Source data

###

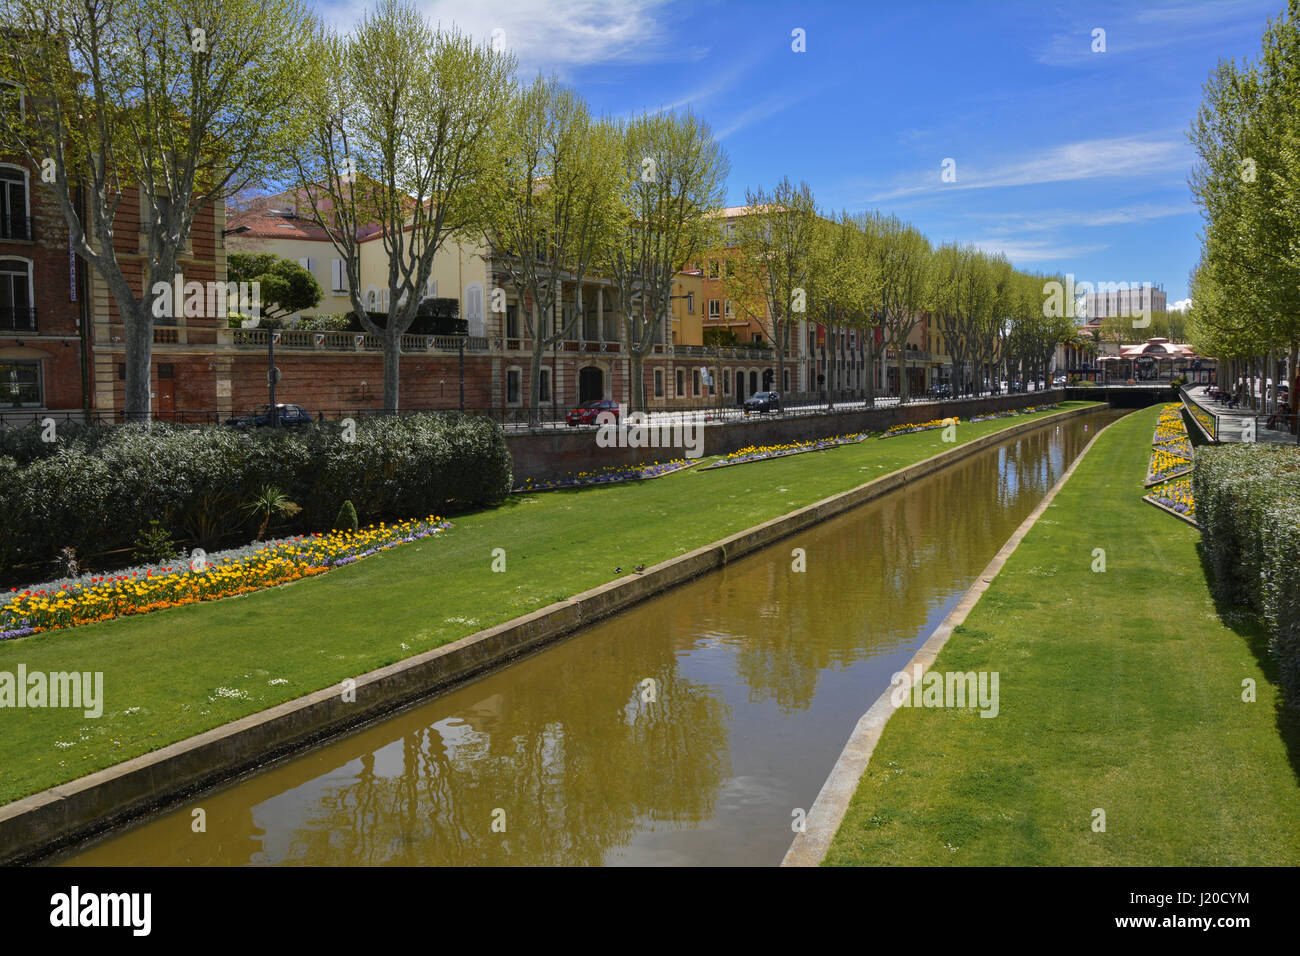 La Basse canal au centre-ville de Perpignan sur une journée ensoleillée de printemps Photo Stock
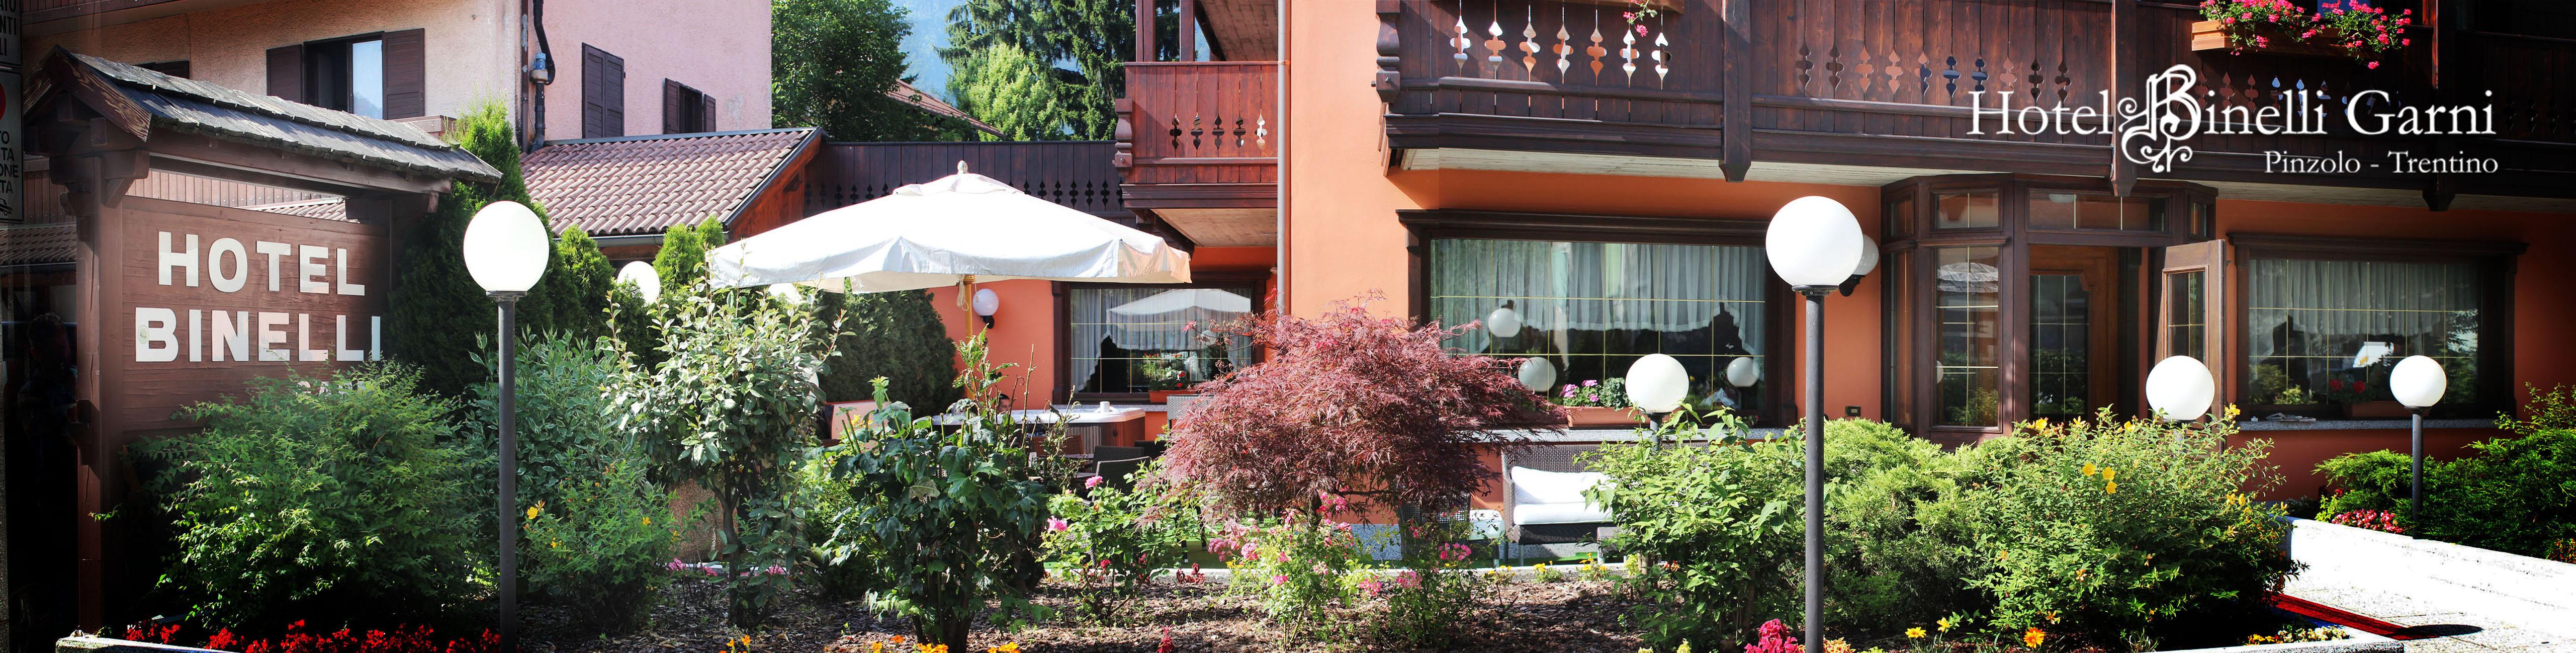 foto Hotel Binelli 014
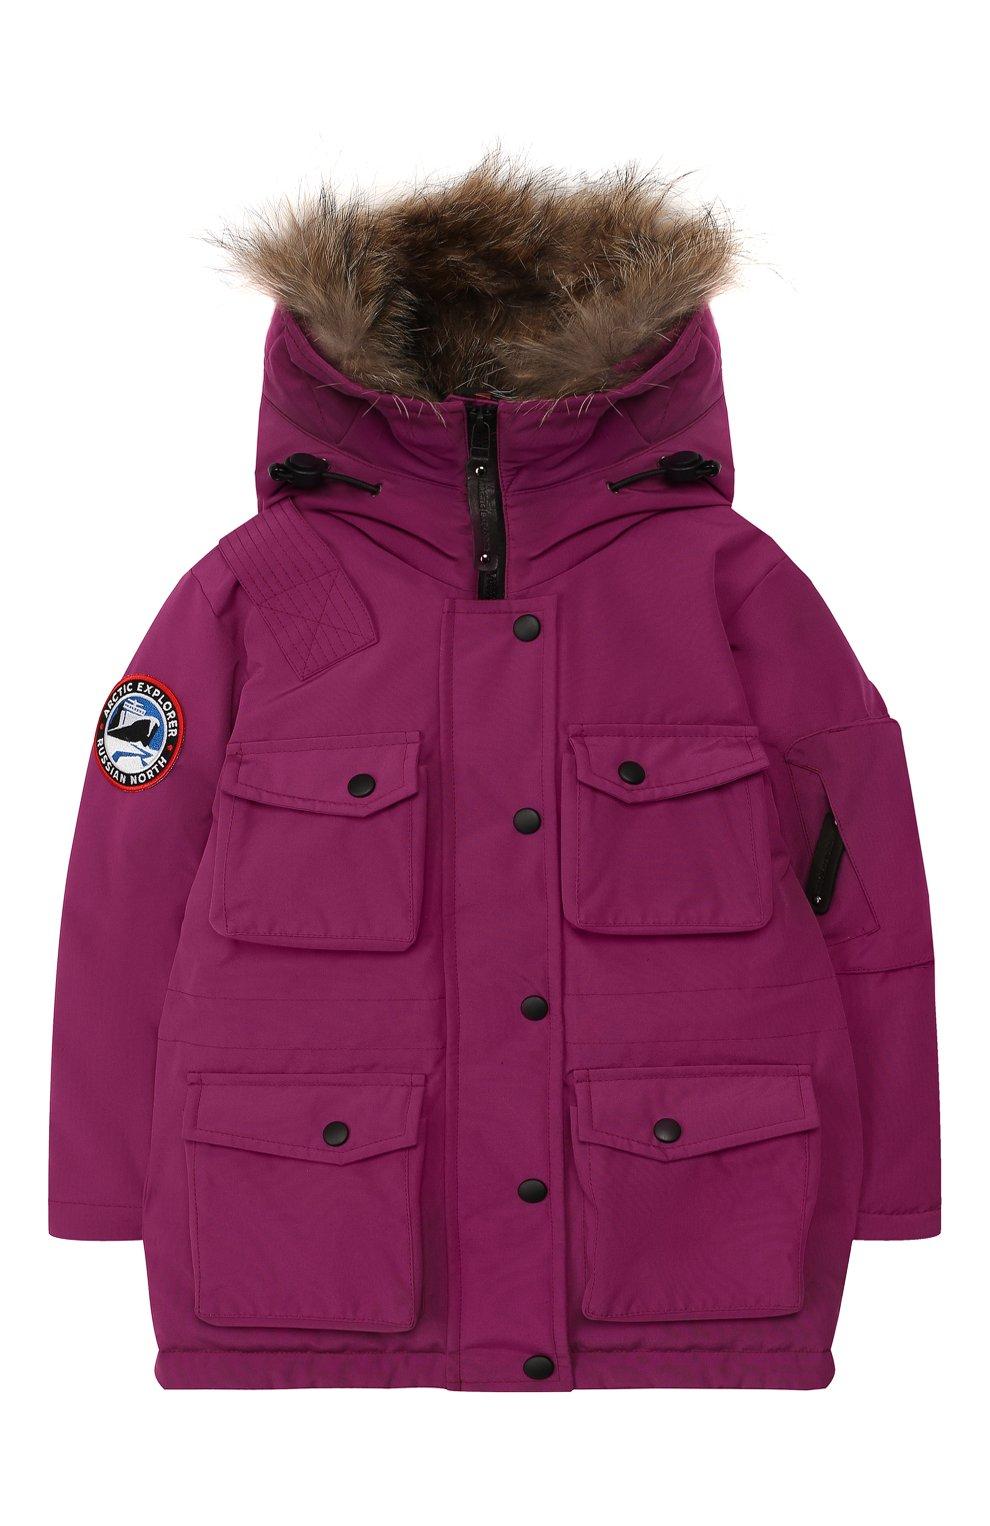 Детского пуховая куртка umka ARCTIC EXPLORER фуксия цвета, арт. UMKA_PNK | Фото 1
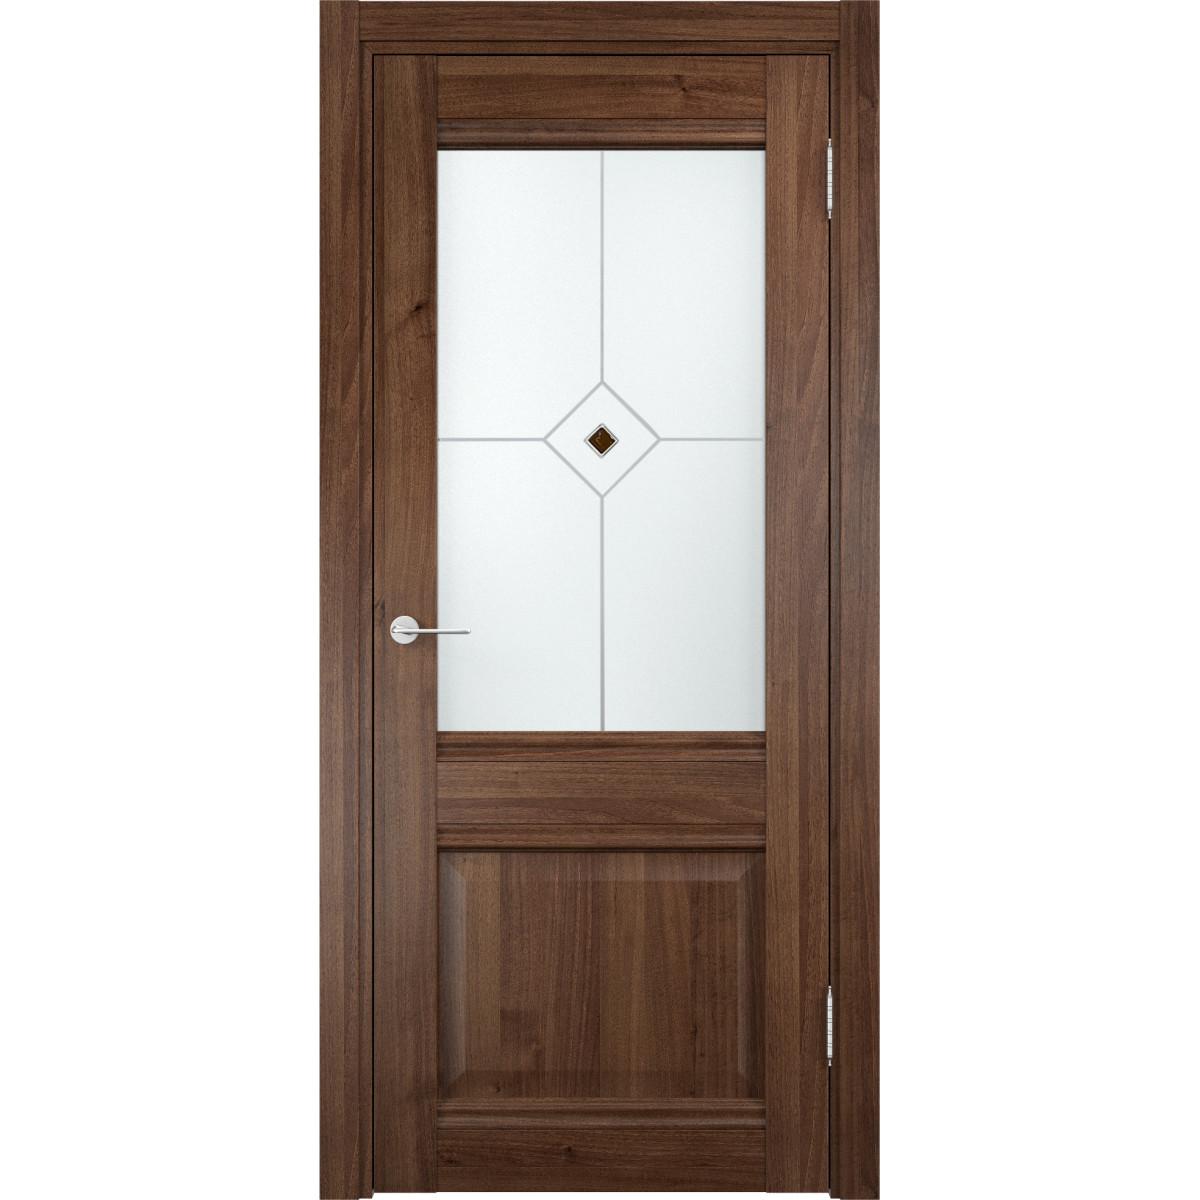 Дверное полотно Casaporte Милан МП_0177 2000х700х44 мм МДФ
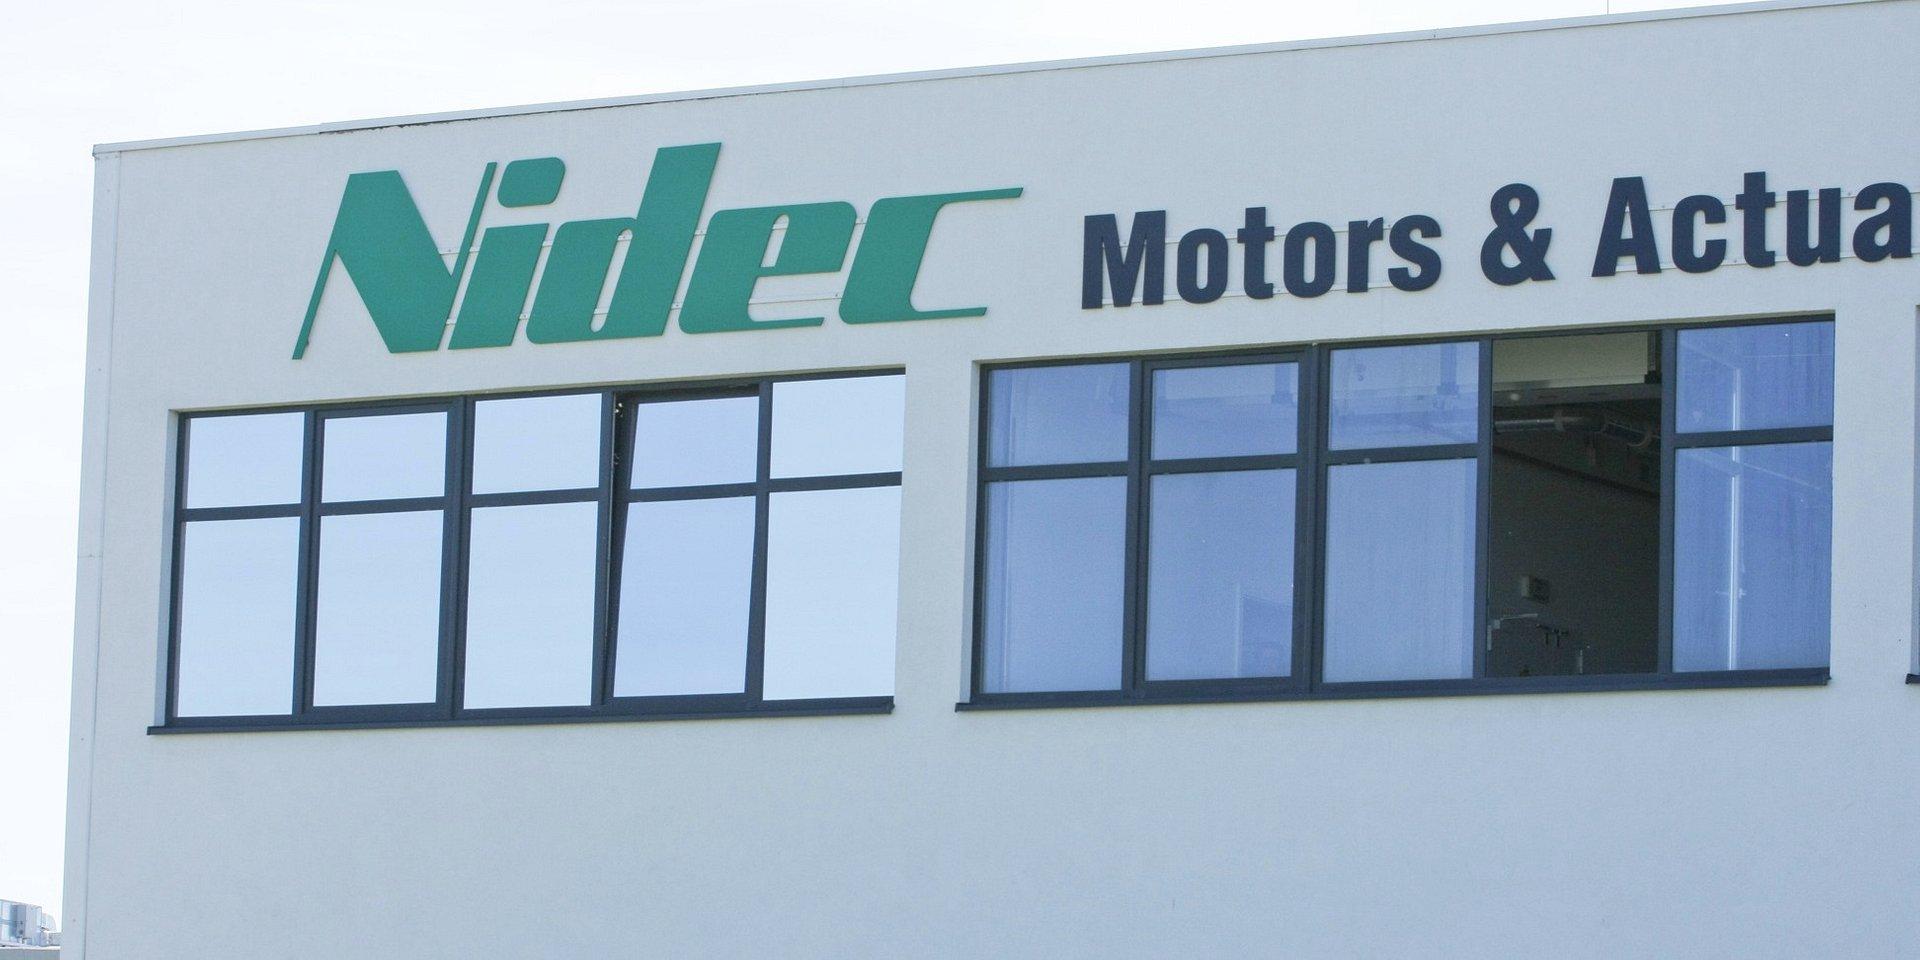 Nidec Motors & Actuators rozwija działalność w Małopolsce

###

Exercise details
Your reply should be the entries above, repeated exactly and free of pictures.

Answer to the exercise
 La Basse canal au centre-ville de Perpignan sur une journée ensoleillée de printemps Photo Stock
 foto Hotel Binelli 014
 Детского пуховая куртка umka ARCTIC EXPLORER фуксия цвета, арт. UMKA_PNK | Фото 1
 Дверное полотно Casaporte Милан МП_0177 2000х700х44 мм МДФ
 Nidec Motors & Actuators rozwija działalność w Małopolsce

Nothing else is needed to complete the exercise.